而这样一来,大批元军就可渡江,金陵,杭州等光复之地恐怕难保,而襄阳江夏又非根本之地,如果说一旦让元军得逞,刚刚亮起的星星之火,还没燎原就会被扑灭,从这个角度,采石和京口之战,甚至已经是决定全局的决战!

第九十三章 血战到底(7)

深吸口气,萧统沉声说道:“仲谋,此战之机要,毋庸朕多言,你告诉朕,你需要多少人马,有多大把握?照实说,不必有什么顾虑。”

高升盯着地图看了良久,再仔细揣度了南方留守力量,才徐徐说道:“陛下,微臣有兵三万即可,料定守城有余,退敌有六成把握。”

显然,高升也知道,这位少年天子并不喜欢虚的,因此也就据实以报,如果在那里大说空话,说不定还会让天子反感,那就得不偿失了。

萧统点点头,道:“既如此,你便领朕之后军并火器左营前往,计三万有余,全权负责京口一线,朕,等着你的好消息。”

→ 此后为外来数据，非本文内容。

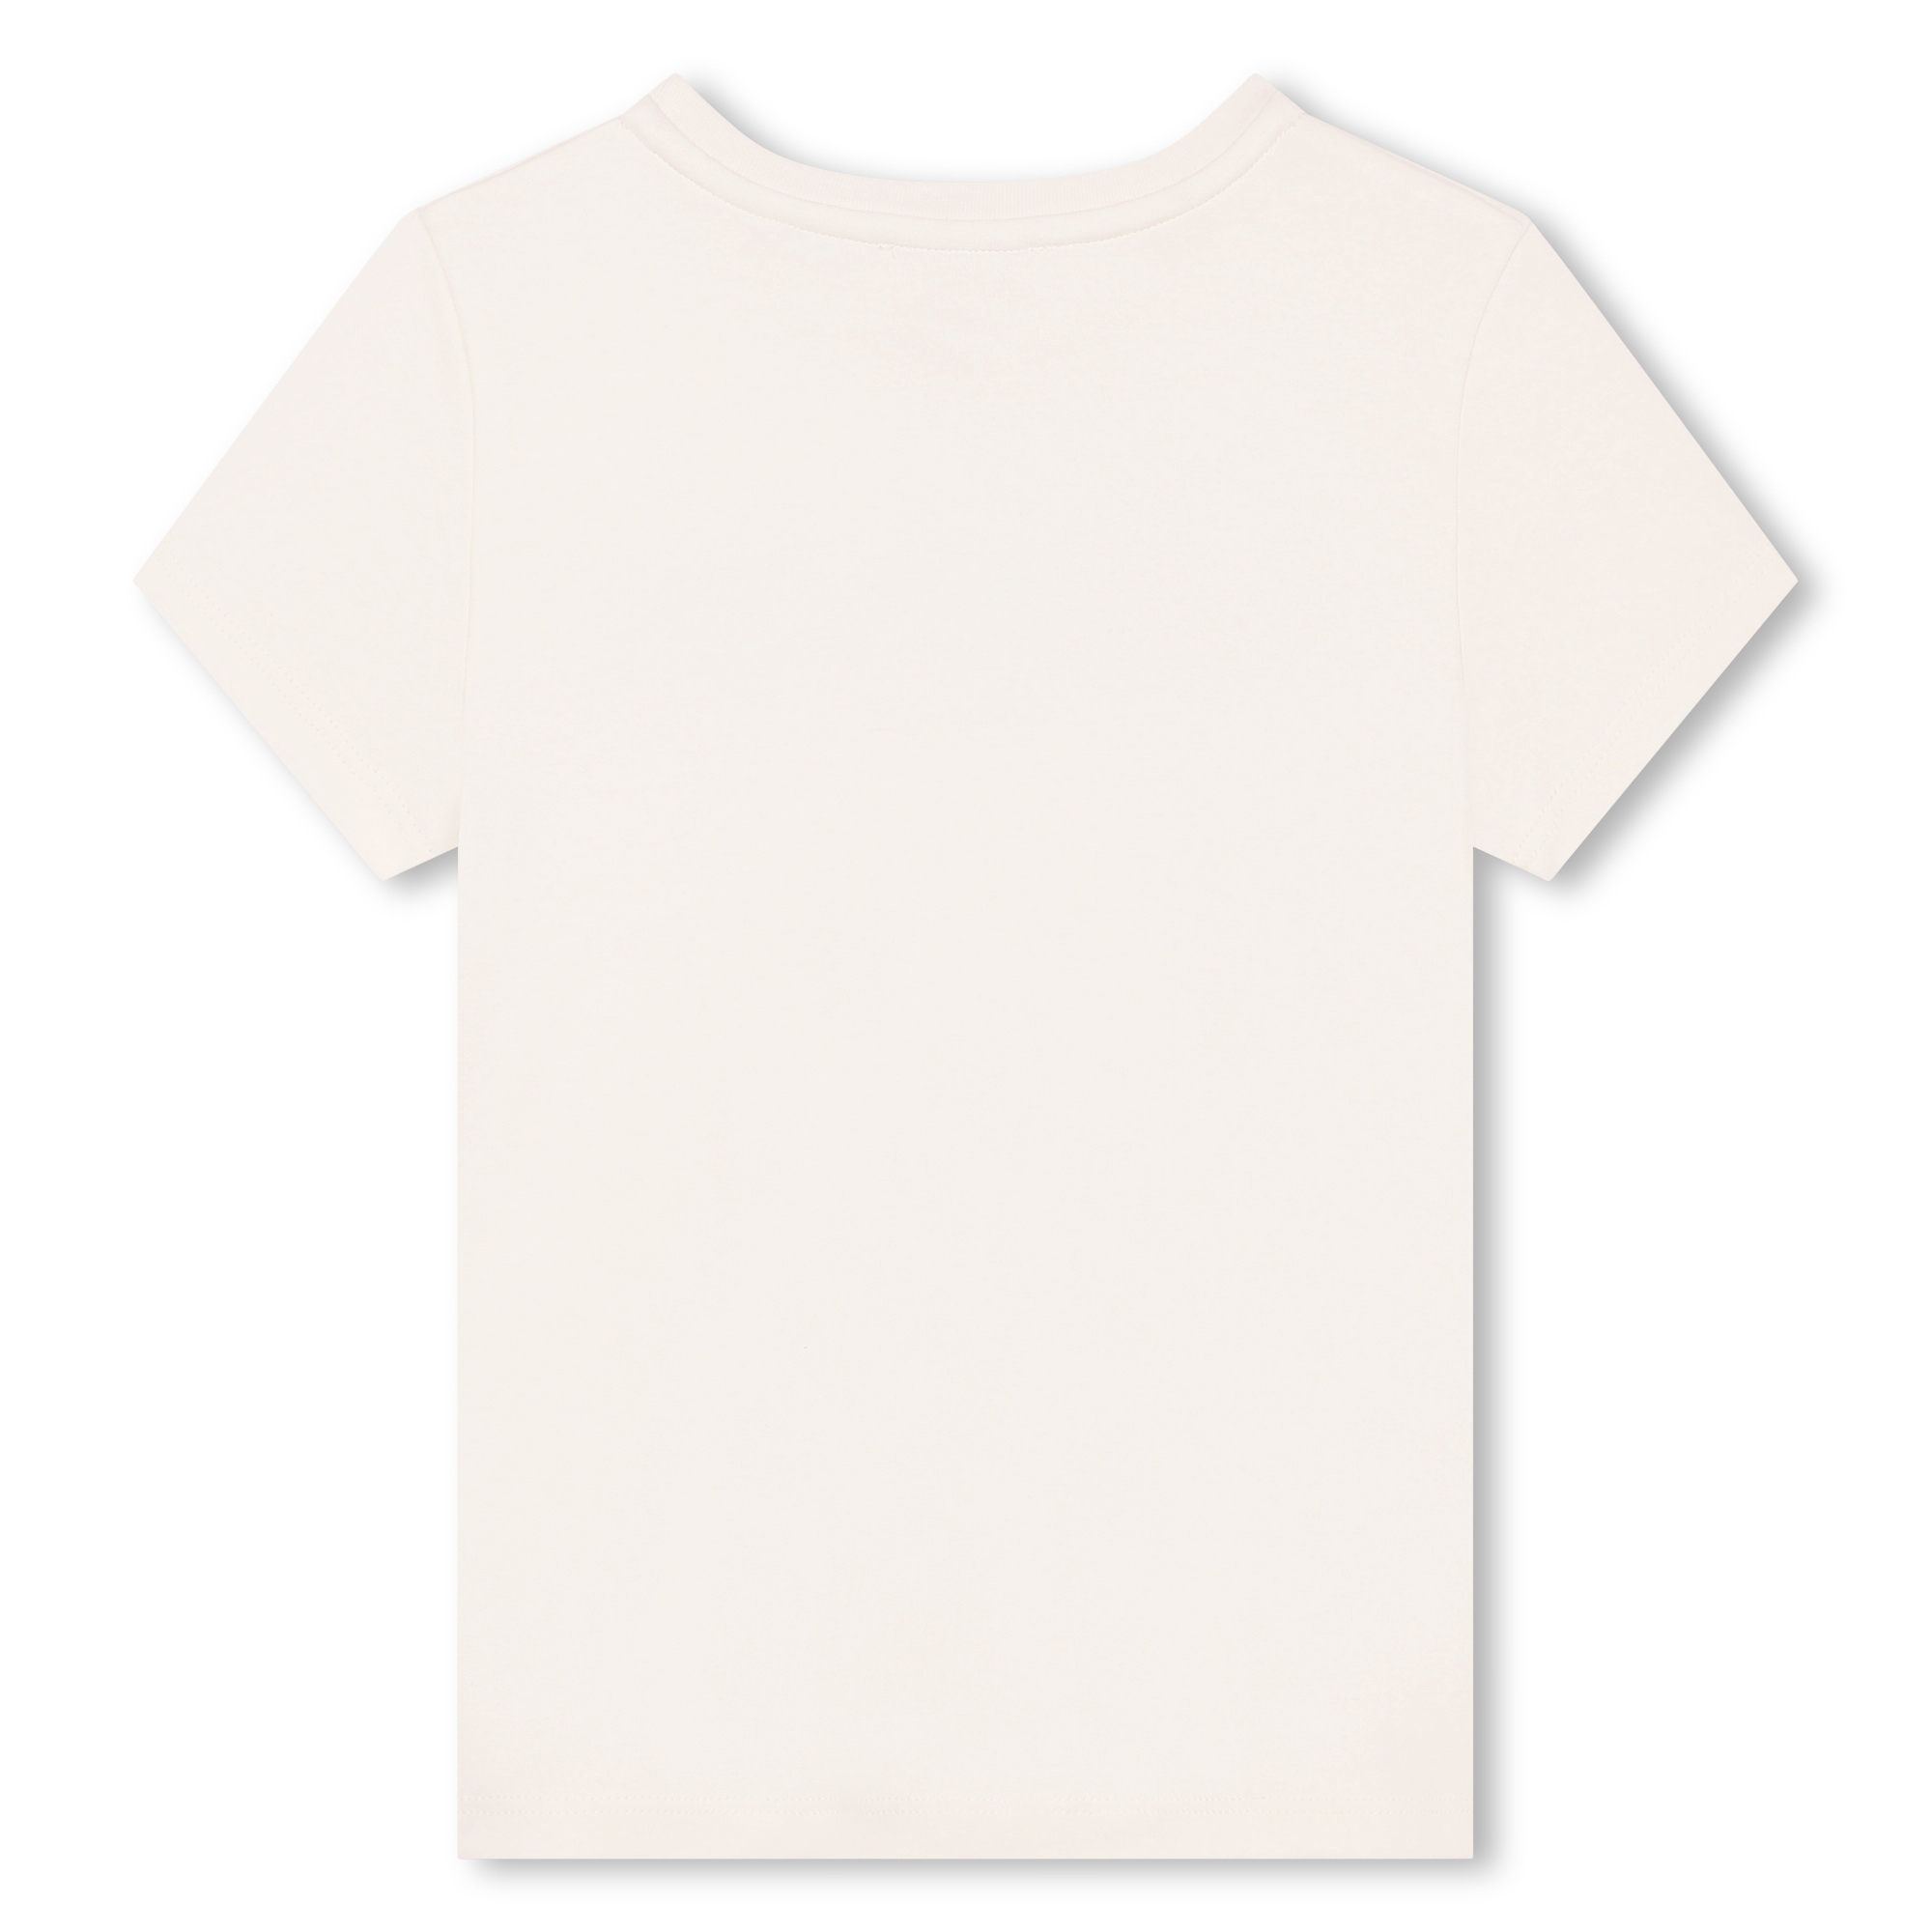 T-shirt met logo en korte mouwen LANVIN Voor
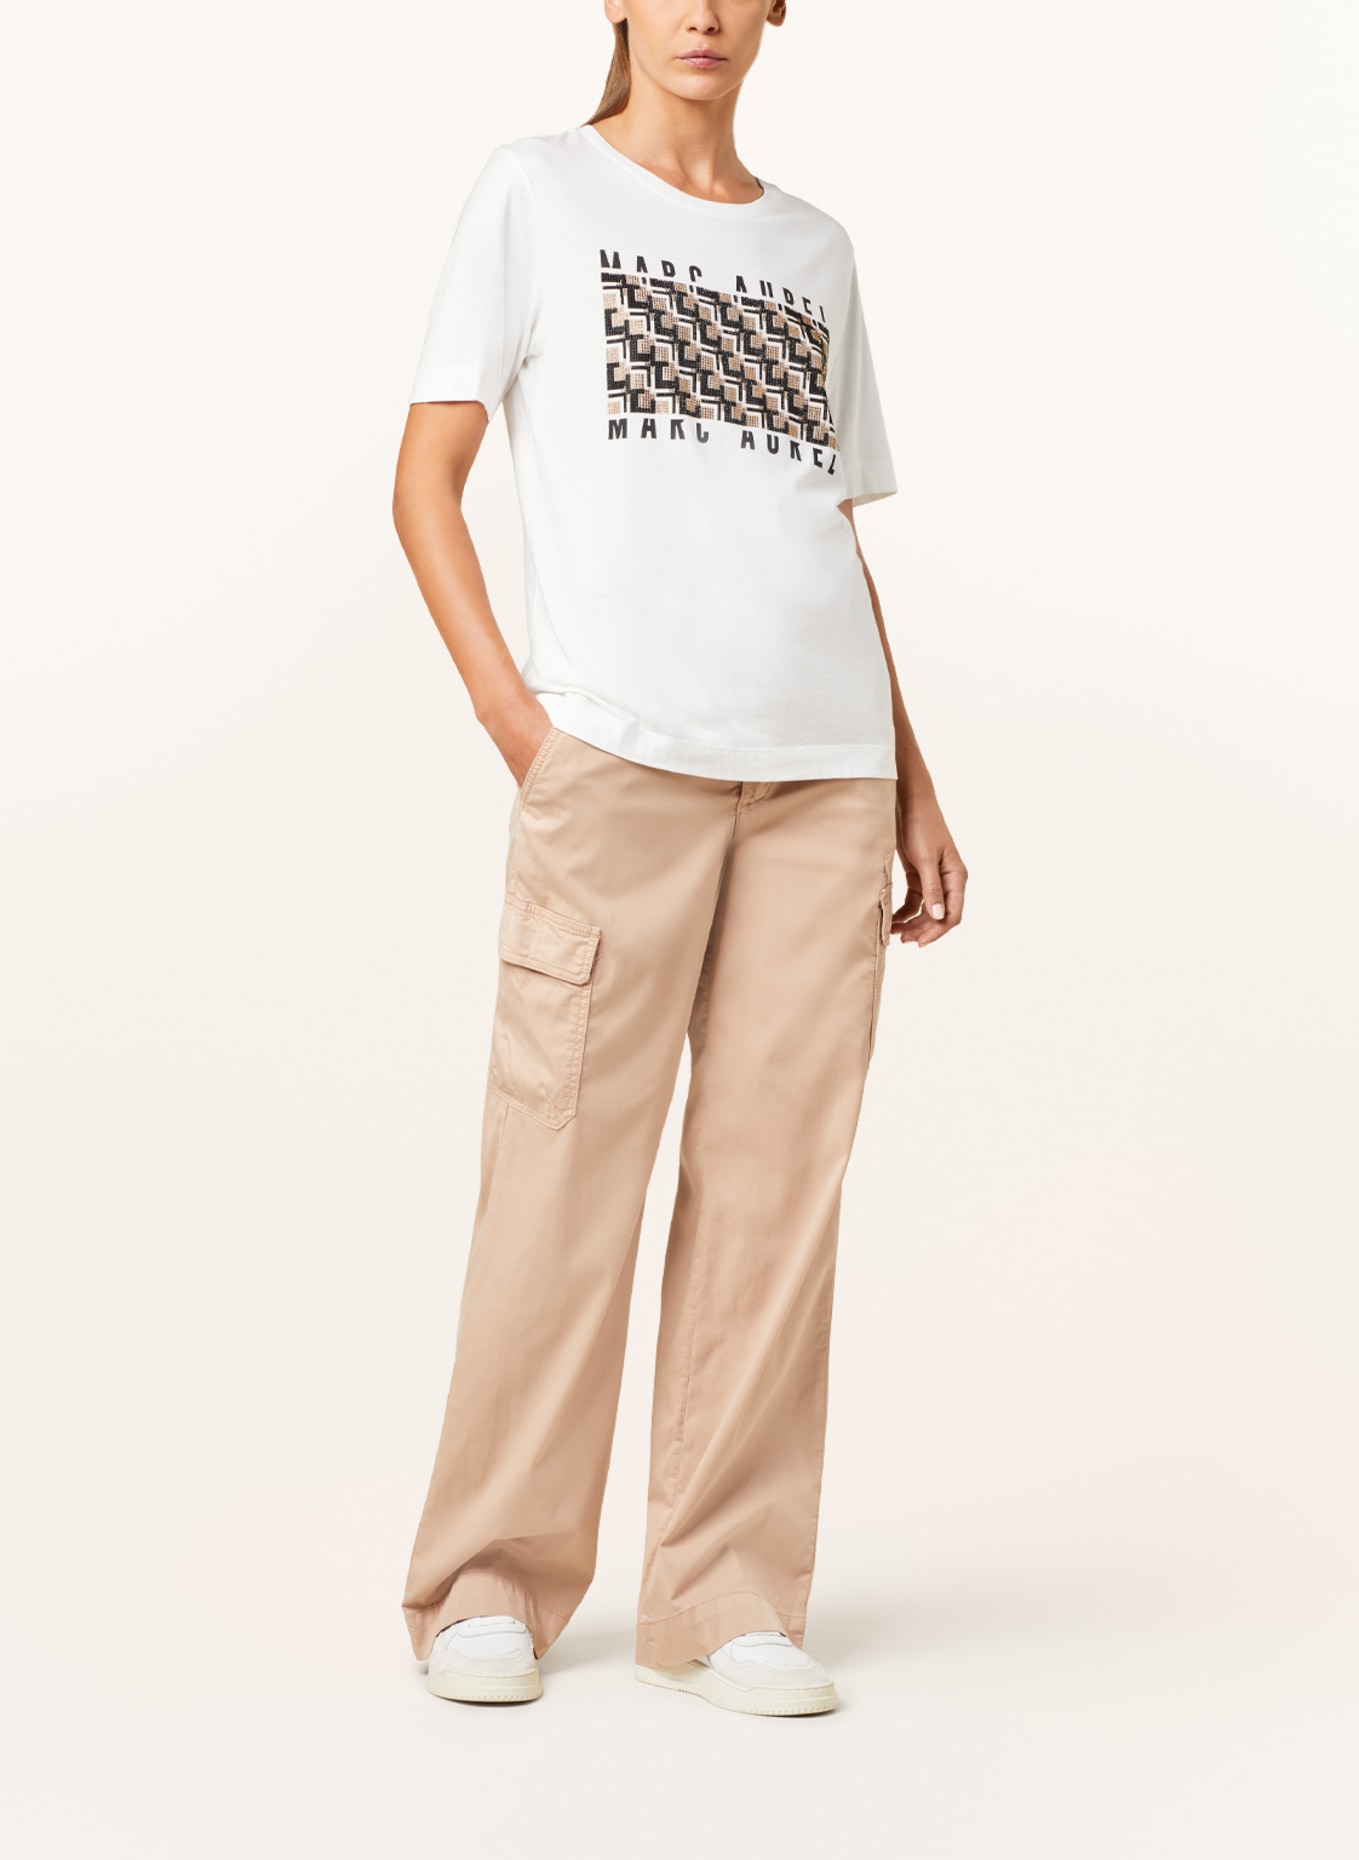 MARC AUREL T-Shirt mit Schmucksteinen, Farbe: WEISS (Bild 2)

“皇上!”高升惊呼一声,倒不是说他没有把握,而是萧统这一次可以说是尽起金陵之兵,也就带了四万五千人北上,如今一下子给了他三万,那岂不是说銮驾处只有万余人?而三万人中,尤其还有精锐中的精锐,火左营,那可是清远军的直属啊,是作为皇帝亲军使用的,昔日在玉山中是练了一年半,才出山的,作战能力自然不容置疑,紫金山上制服白莲教众人的,除了天机阁外,就是这支精锐了。可以说,为了阻击阿术和可能到的阿里海牙,萧统是下了血本了。

“陛下万乘之尊,国之重魁,万万不可以身涉险,臣奏请陛下收回成命!”这一次,高升是毫不含糊,而且并不全是拍马屁,事实上如果把皇帝身边的兵全部带走。一旦出了问题,那高升自己可是承担不起这个后果的!而且,更为严重的,是皇帝如今并无子嗣!一旦有了什么意外,也就标志着大宋国祚地断绝,显然这个后果实在太过严重。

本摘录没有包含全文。